**AVAILABLE DATA**
- - - - -
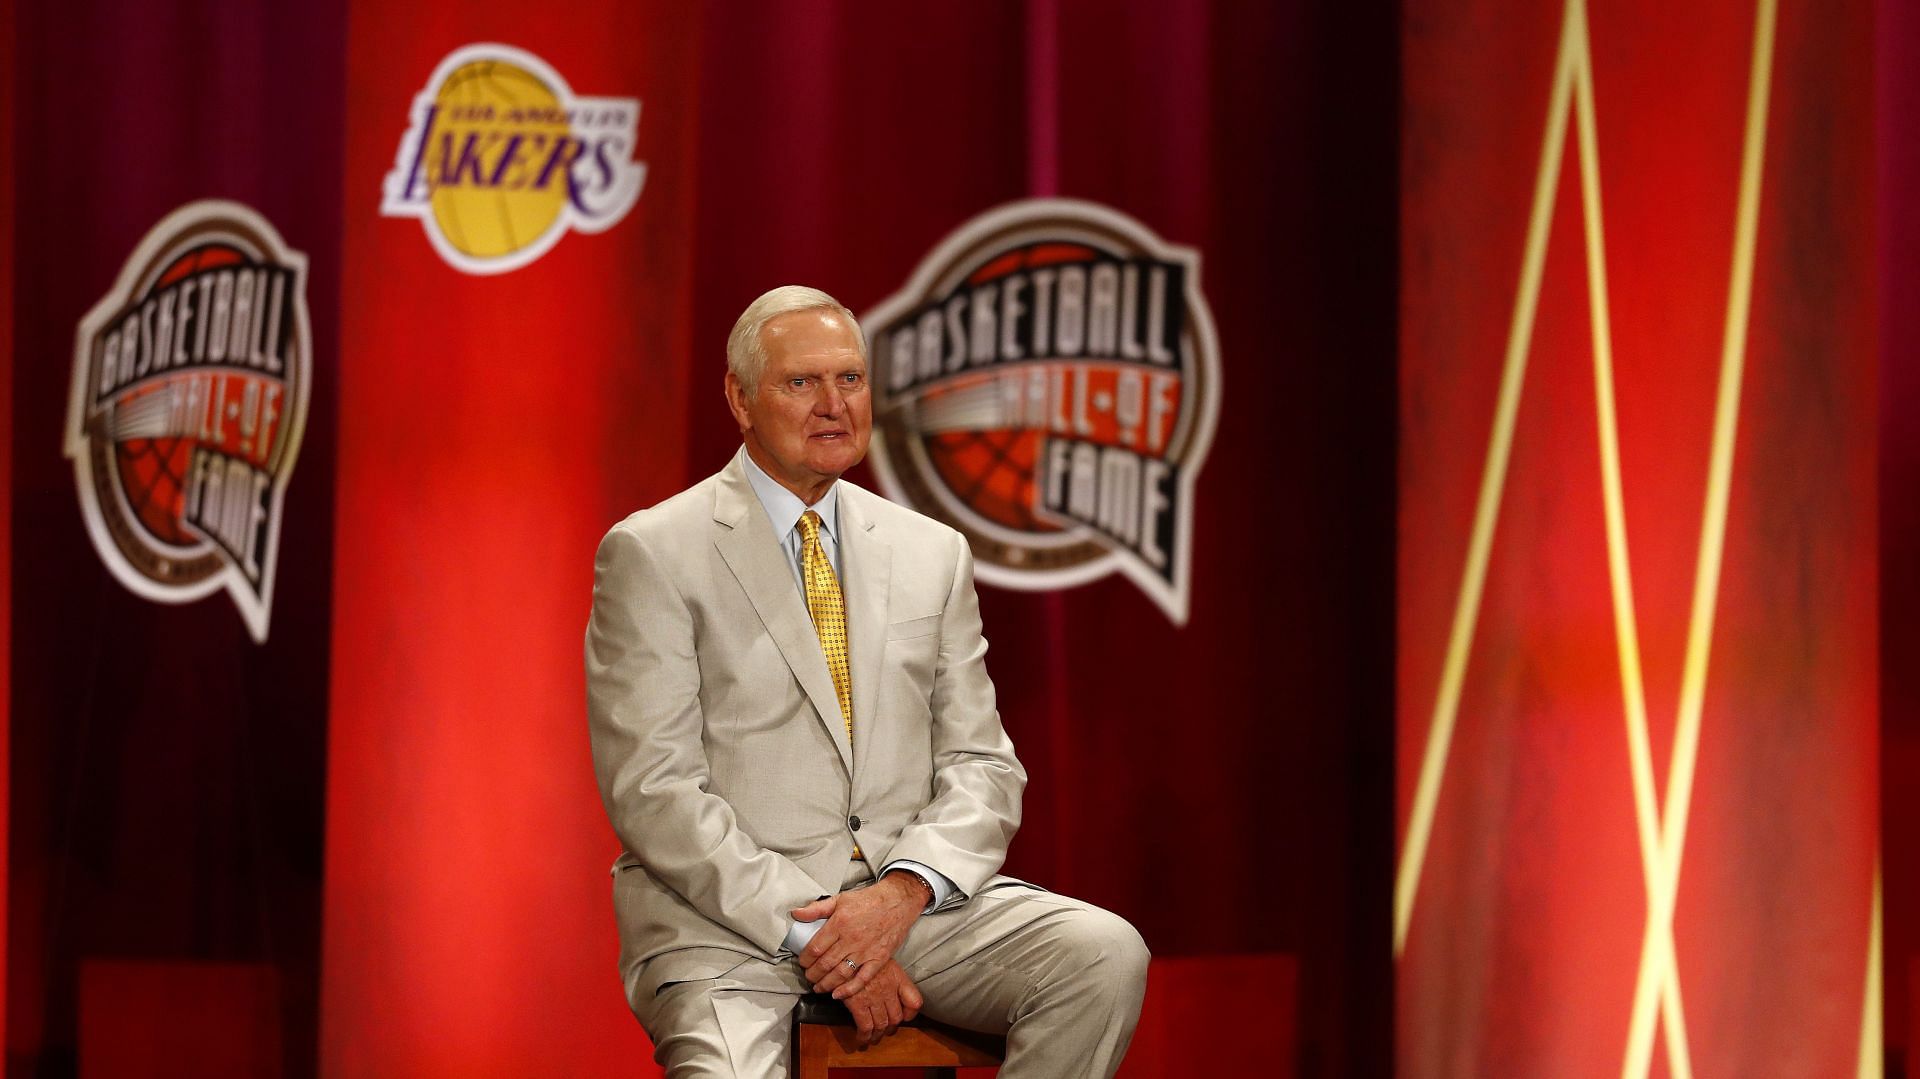 Watch: LA Lakers legend Jerry West scores a career-high 63 points against  Eastern Conference rivals New York Knicks on this day in 1962
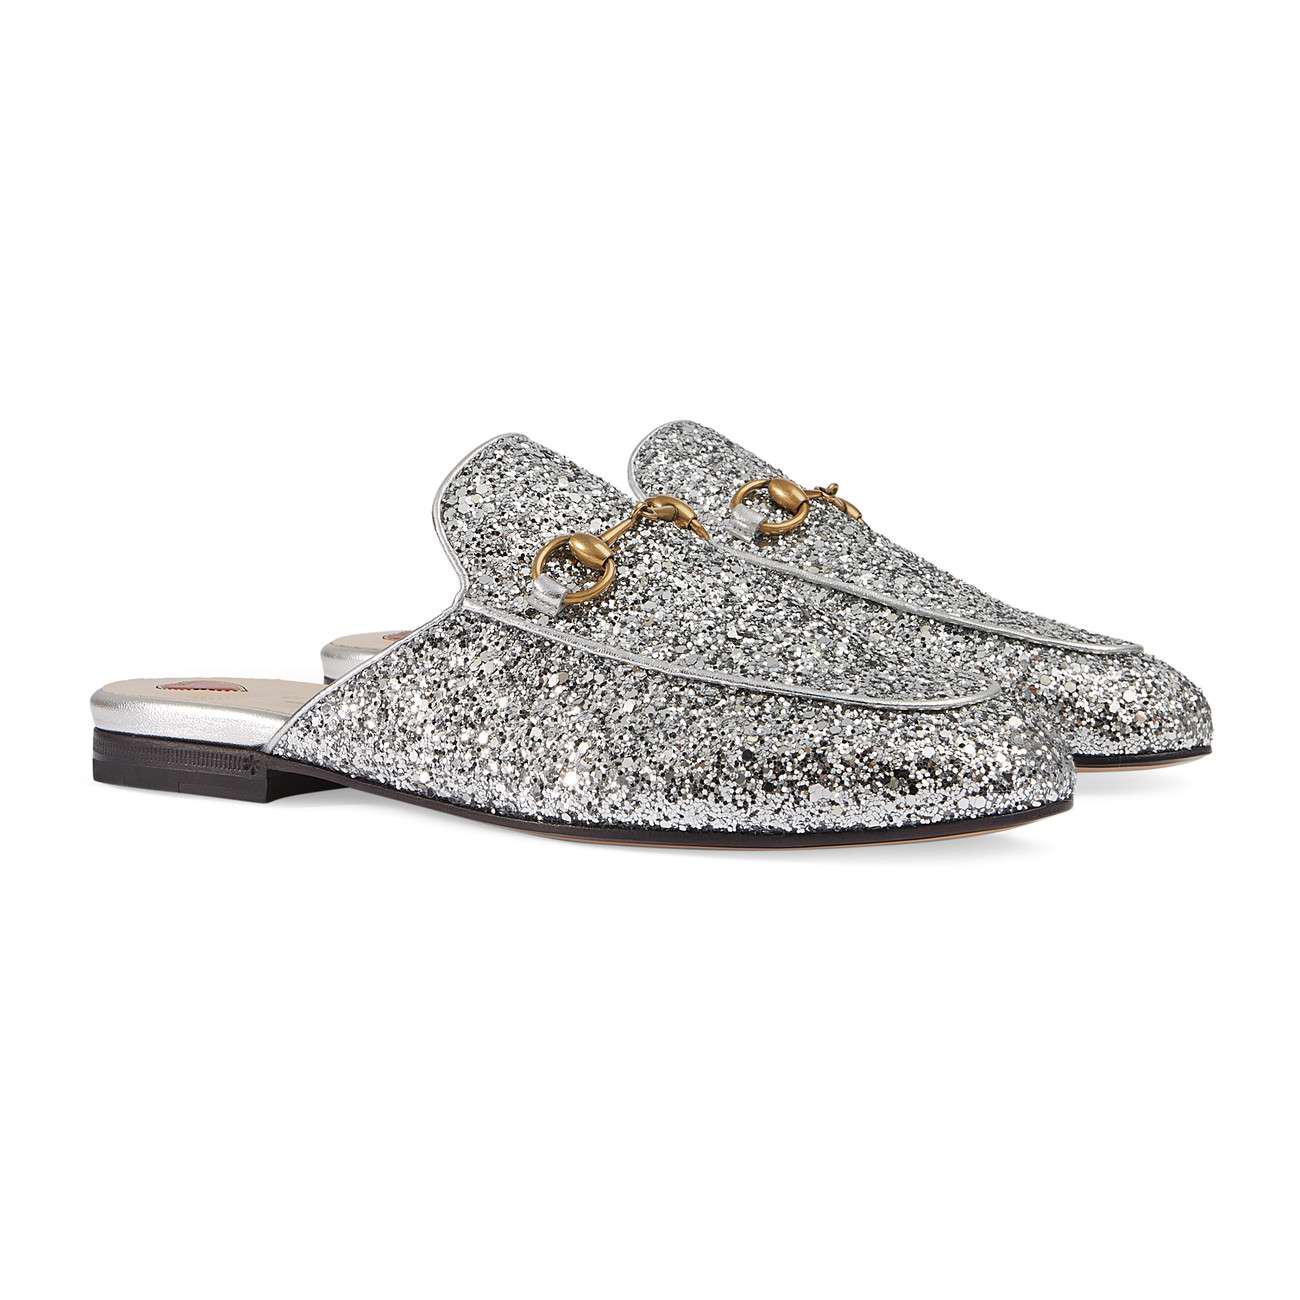 Gucci Princetown Glitter Backless Loafer in Metallic | Lyst
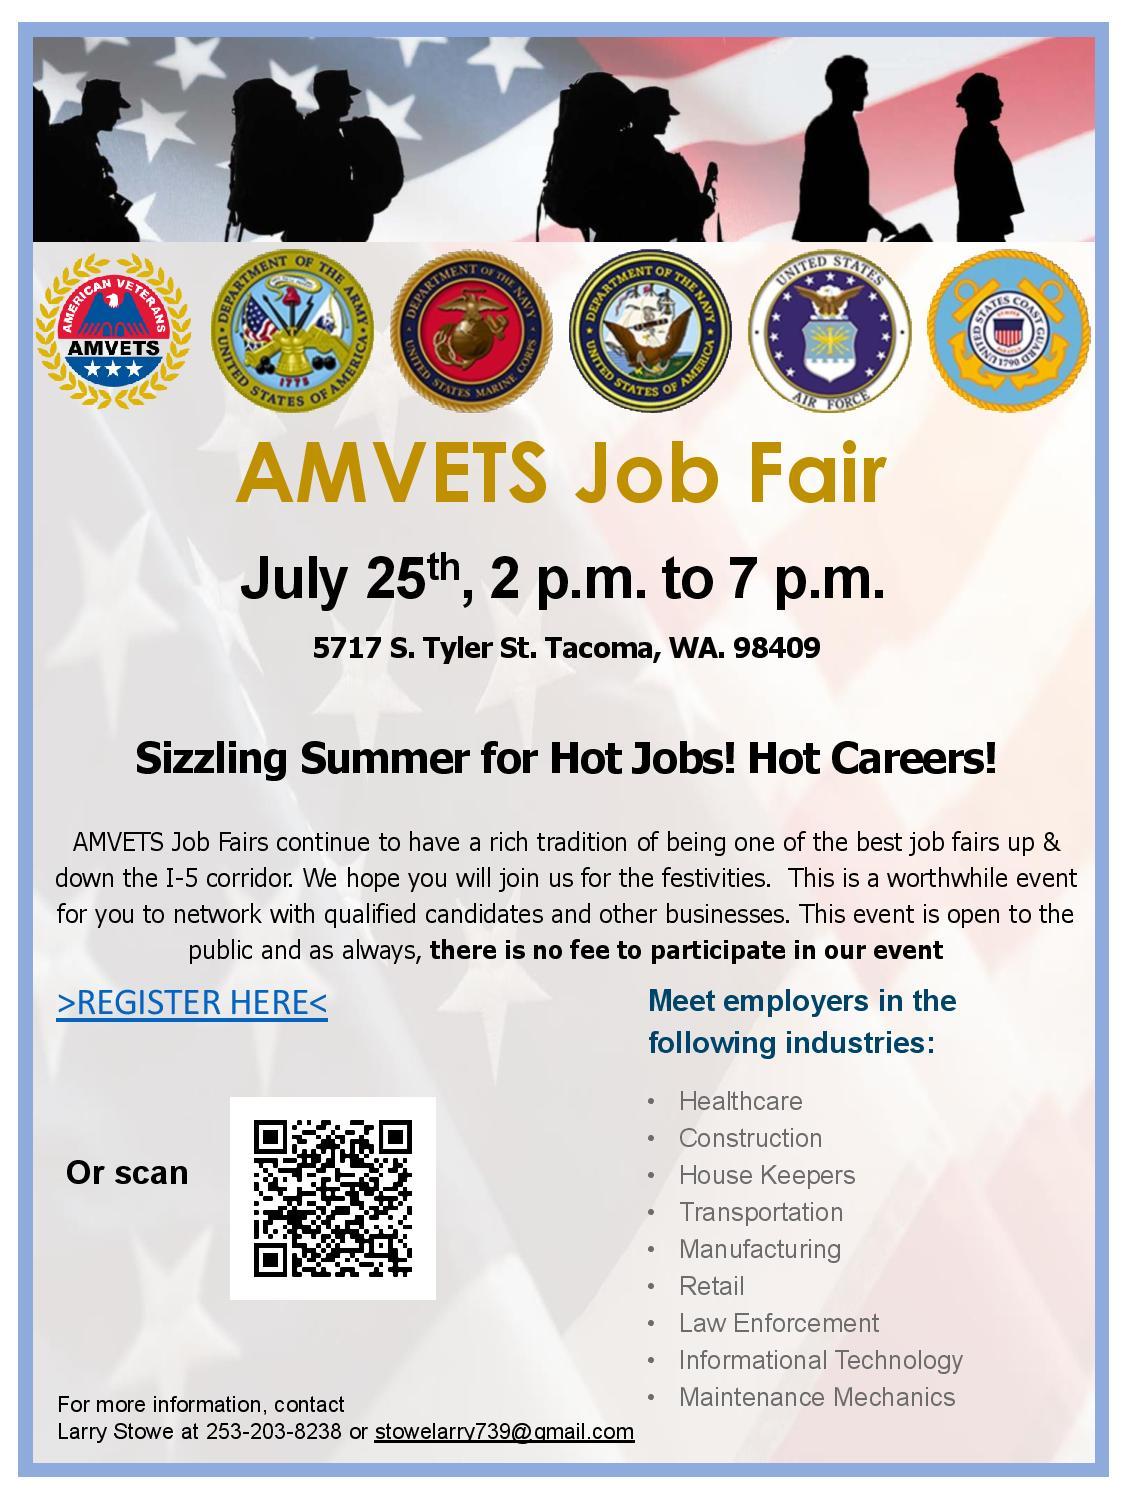 AMVETS event flyer
- - - - -
**TASK INSTRUCTIONS**
Transcribe all of the lines above exactly as given. The pictures stay out.

**WRITTEN ANSWER**
 Watch: LA Lakers legend Jerry West scores a career-high 63 points against  Eastern Conference rivals New York Knicks on this day in 1962
 Gucci Princetown Glitter Backless Loafer in Metallic | Lyst
 AMVETS event flyer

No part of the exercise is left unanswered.